Revert of Improved x86 SSE build and run-time checks. (https://codereview.chromium.org/272503006/)
Reason for revert:
Windows builders breaking. :(
Original issue's description:
> Improved x86 SSE build and run-time checks.
>
> Replaces the current build/run-time checks for SSE level in
> opts_check_x86.cpp with a simpler and more future-proof version.
> Also adds SSE versions 4.1 and 4.2 to the config file.
>
> Author: henrik.smiding@intel.com
>
> Signed-off-by: Henrik Smiding <henrik.smiding@intel.com>
>
> Committed: http://code.google.com/p/skia/source/detail?r=14644
R=reed@google.com, tomhudson@google.com, djsollen@google.com, joakim.landberg@intel.com, henrik.smiding@intel.com
TBR=djsollen@google.com, henrik.smiding@intel.com, joakim.landberg@intel.com, reed@google.com, tomhudson@google.com
NOTREECHECKS=true
NOTRY=true
Author: mtklein@google.com
Review URL: https://codereview.chromium.org/277593004
git-svn-id: http://skia.googlecode.com/svn/trunk@14646 2bbb7eff-a529-9590-31e7-b0007b416f81
diff --git a/include/core/SkPreConfig.h b/include/core/SkPreConfig.h
index a15f8ec..9aefc2d 100644
--- a/include/core/SkPreConfig.h
+++ b/include/core/SkPreConfig.h
@@ -123,18 +123,12 @@
#define SK_CPU_SSE_LEVEL_SSE2 20
#define SK_CPU_SSE_LEVEL_SSE3 30
#define SK_CPU_SSE_LEVEL_SSSE3 31
-#define SK_CPU_SSE_LEVEL_SSE41 41
-#define SK_CPU_SSE_LEVEL_SSE42 42
// Are we in GCC?
#ifndef SK_CPU_SSE_LEVEL
// These checks must be done in descending order to ensure we set the highest
// available SSE level.
- #if defined(__SSE4_2__)
- #define SK_CPU_SSE_LEVEL SK_CPU_SSE_LEVEL_SSE42
- #elif defined(__SSE4_1__)
- #define SK_CPU_SSE_LEVEL SK_CPU_SSE_LEVEL_SSE41
- #elif defined(__SSSE3__)
+ #if defined(__SSSE3__)
#define SK_CPU_SSE_LEVEL SK_CPU_SSE_LEVEL_SSSE3
#elif defined(__SSE3__)
#define SK_CPU_SSE_LEVEL SK_CPU_SSE_LEVEL_SSE3
diff --git a/src/opts/opts_check_x86.cpp b/src/opts/opts_check_x86.cpp
index d614293..0b0debb 100644
--- a/src/opts/opts_check_x86.cpp
+++ b/src/opts/opts_check_x86.cpp
@@ -25,11 +25,10 @@
#include <intrin.h>
#endif
-/* This file must *not* be compiled with -msse or any other optional SIMD
- extension, otherwise gcc may generate SIMD instructions even for scalar ops
- (and thus give an invalid instruction on Pentium3 on the code below).
- For example, only files named *_SSE2.cpp in this directory should be
- compiled with -msse2 or higher. */
+/* This file must *not* be compiled with -msse or -msse2, otherwise
+ gcc may generate sse2 even for scalar ops (and thus give an invalid
+ instruction on Pentium3 on the code below).

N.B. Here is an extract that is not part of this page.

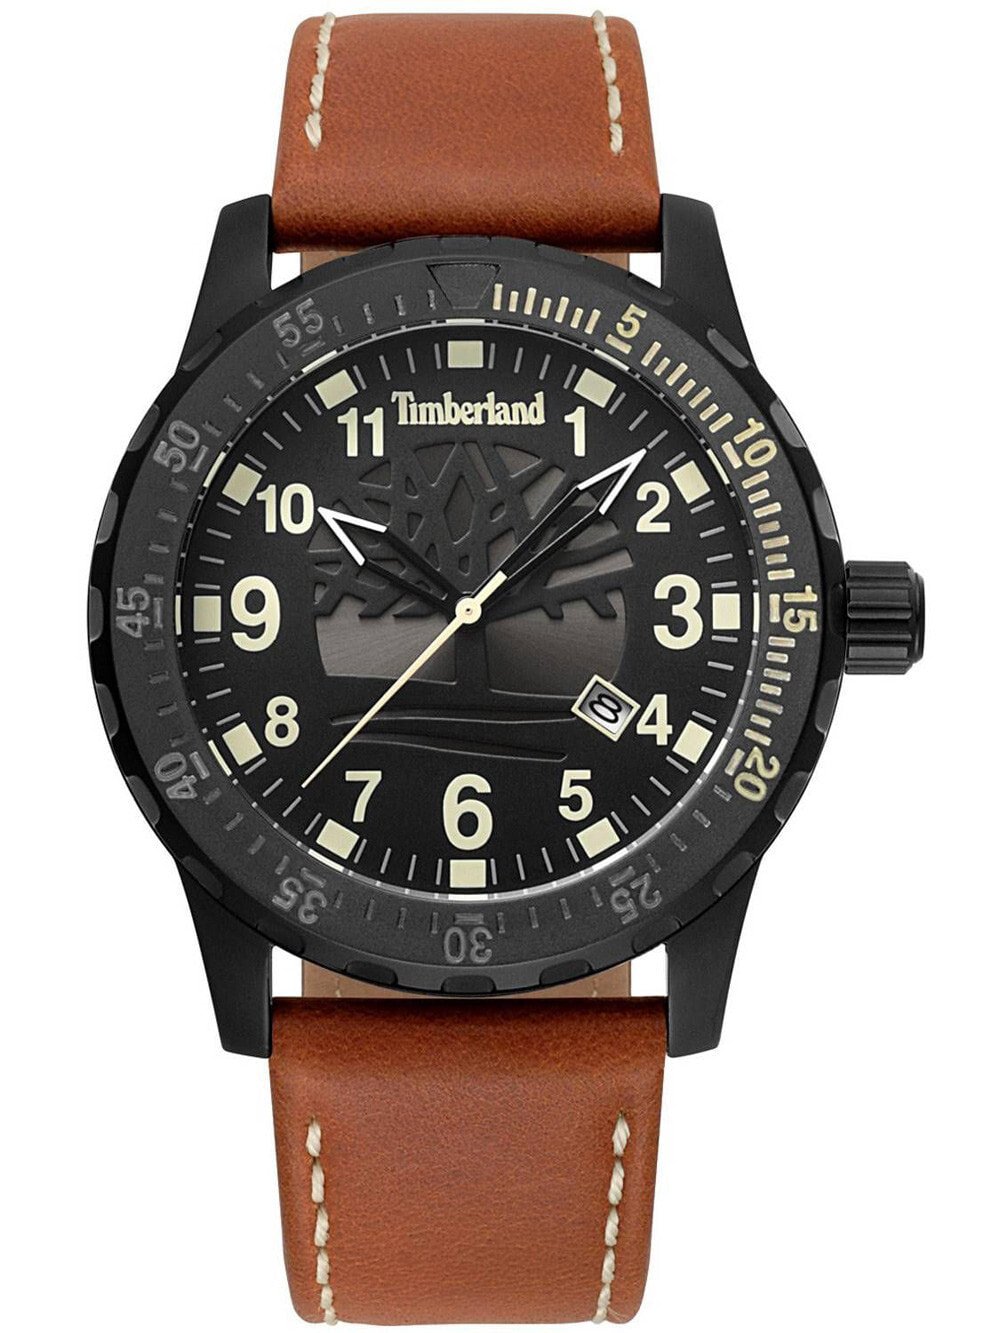 Мужские наручные часы с коричневым кожаным ремешком Timberland TBL15473JLB.02 Clarksburg 46mm 5ATM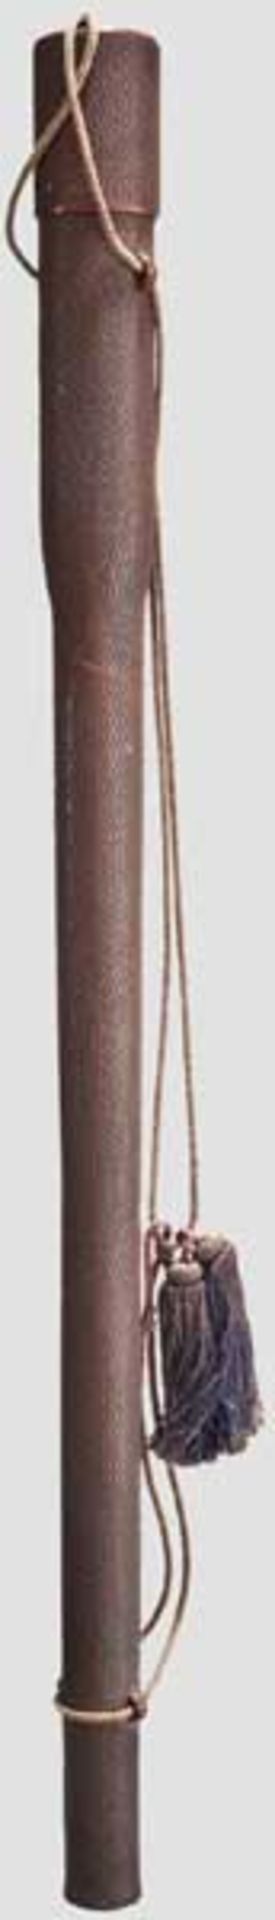 Pfeilköcher, Japan, Meiji-/Taisho-Periode   Tubus und Stülpdeckel aus geprägtem Pappmaché, rot

Only files named *_SSE2.cpp
+ in this directory should be compiled with -msse2. */
/* Function to get the CPU SSE-level in runtime, for different compilers. */
@@ -49,7 +48,8 @@
}
#endif
}
-#elif defined(__x86_64__)
+#else
+#if defined(__x86_64__)
static inline void getcpuid(int info_type, int info[4]) {
asm volatile (
"cpuid \n\t"
@@ -70,47 +70,56 @@
);
}
#endif
+#endif
////////////////////////////////////////////////////////////////////////////////
-/* Fetch the SIMD level directly from the CPU, at run-time.
- * Only checks the levels needed by the optimizations in this file.
- */
-static int get_SIMD_level() {
- int cpu_info[4] = { 0 };
+#if defined(__x86_64__) || defined(_WIN64) || SK_CPU_SSE_LEVEL >= SK_CPU_SSE_LEVEL_SSE2
+/* All x86_64 machines have SSE2, or we know it's supported at compile time, so don't even bother checking. */
+static inline bool hasSSE2() {
+ return true;
+}
+#else
+static inline bool hasSSE2() {
+ int cpu_info[4] = { 0 };
getcpuid(1, cpu_info);
- if ((cpu_info[2] & (1<<20)) != 0) {
- return SK_CPU_SSE_LEVEL_SSE42;
- } else if ((cpu_info[2] & (1<<9)) != 0) {
- return SK_CPU_SSE_LEVEL_SSSE3;
- } else if ((cpu_info[3] & (1<<26)) != 0) {
- return SK_CPU_SSE_LEVEL_SSE2;
- } else {
- return 0;
- }
+ return (cpu_info[3] & (1<<26)) != 0;
+}
+#endif
+
+#if SK_CPU_SSE_LEVEL >= SK_CPU_SSE_LEVEL_SSSE3
+/* If we know SSSE3 is supported at compile time, don't even bother checking. */
+static inline bool hasSSSE3() {
+ return true;
+}
+#elif defined(SK_BUILD_FOR_ANDROID_FRAMEWORK)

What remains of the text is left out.